---
We describe the design, deployment, and operation of a 7-node edge computing fleet that runs a complete AI operating system — 17 web applications, 18 AI agents, 6 AI models, and supporting infrastructure (git hosting, object storage, DNS, TLS, database, cache, message bus, VPN) — for a total cost of $800 one-time hardware and $136/month operating expenses.

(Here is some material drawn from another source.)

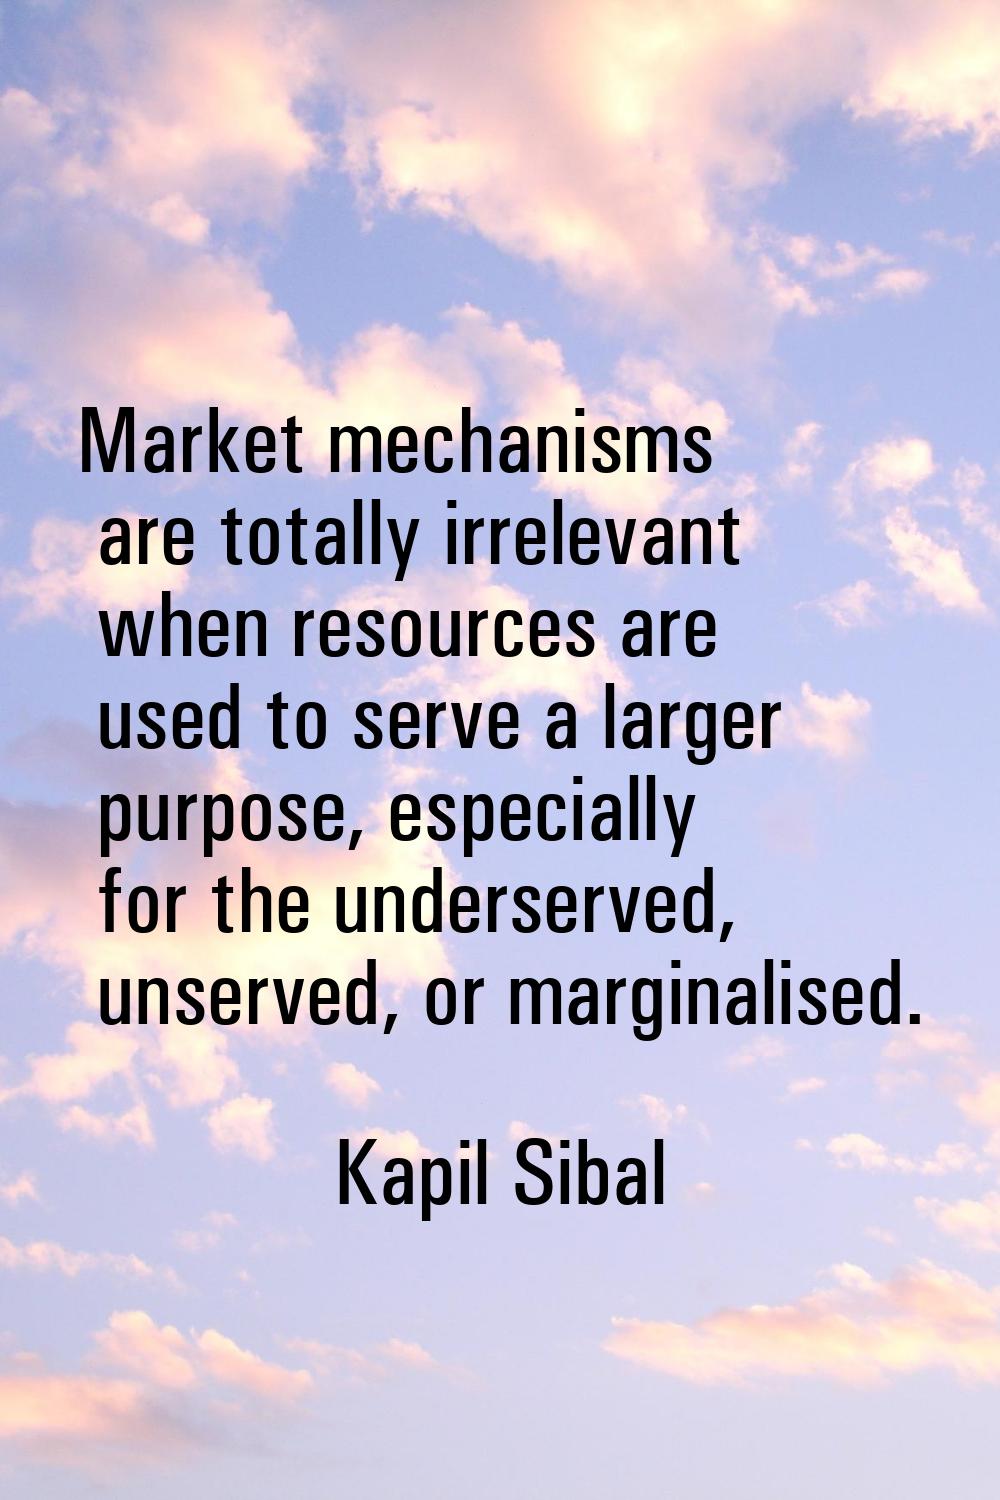 Market mechanisms are totally irrelevant when resources are used to serve a larger purpose, especia

The fleet consists of 5 Raspberry Pi 5 units (two with Hailo-8 NPUs providing 52 TOPS combined), 2 cloud VPS instances for TLS termination and external reachability, connected by a WireGuard mesh VPN. We compare this approach to equivalent cloud deployments on AWS, GCP, and Azure (estimated $2,400-8,000/month for comparable services), evaluate the operational challenges (SD card failure, power loss, thermal throttling, bandwidth constraints), and argue that the sovereignty benefits — complete control over data, compute, and network — justify the operational overhead for specific use cases: independent AI researchers, privacy-focused applications, and sovereign-by-design operating systems.
Running AI-powered applications on major cloud providers incurs costs that scale with usage:
| Service | AWS Equivalent | Monthly Cost |
|---------|---------------|-------------|
| AI inference (6 models) | SageMaker endpoints | $500-2,000 |
| Database (PostgreSQL) | RDS db.t3.medium | $70 |
| Object storage (120MB) | S3 | $0.03 |
| Cache (Redis) | ElastiCache | $50 |
| DNS | Route 53 | $5 |
| TLS termination | ALB | $20 |
| Git hosting | CodeCommit or GitHub | $0-19 |
| Message bus (NATS) | SQS/SNS | $20 |
| VPN | Client VPN | $75 |
| Compute (17 apps) | 3× t3.medium | $100 |
| Container orchestration | EKS | $75 |
| Total | | $915-2,434/month |
For a GPU-equipped inference setup (equivalent to Hailo-8 NPU acceleration):
| Service | AWS GPU Equivalent | Monthly Cost |
|---------|-------------------|-------------|
| GPU inference | g4dn.xlarge (T4) | $380 |
| Multi-model serving | 2× g4dn.xlarge | $760 |
| Revised total | | $1,675-3,194/month |
Enterprise estimates with redundancy, monitoring, and support contracts reach $5,000-8,000/month.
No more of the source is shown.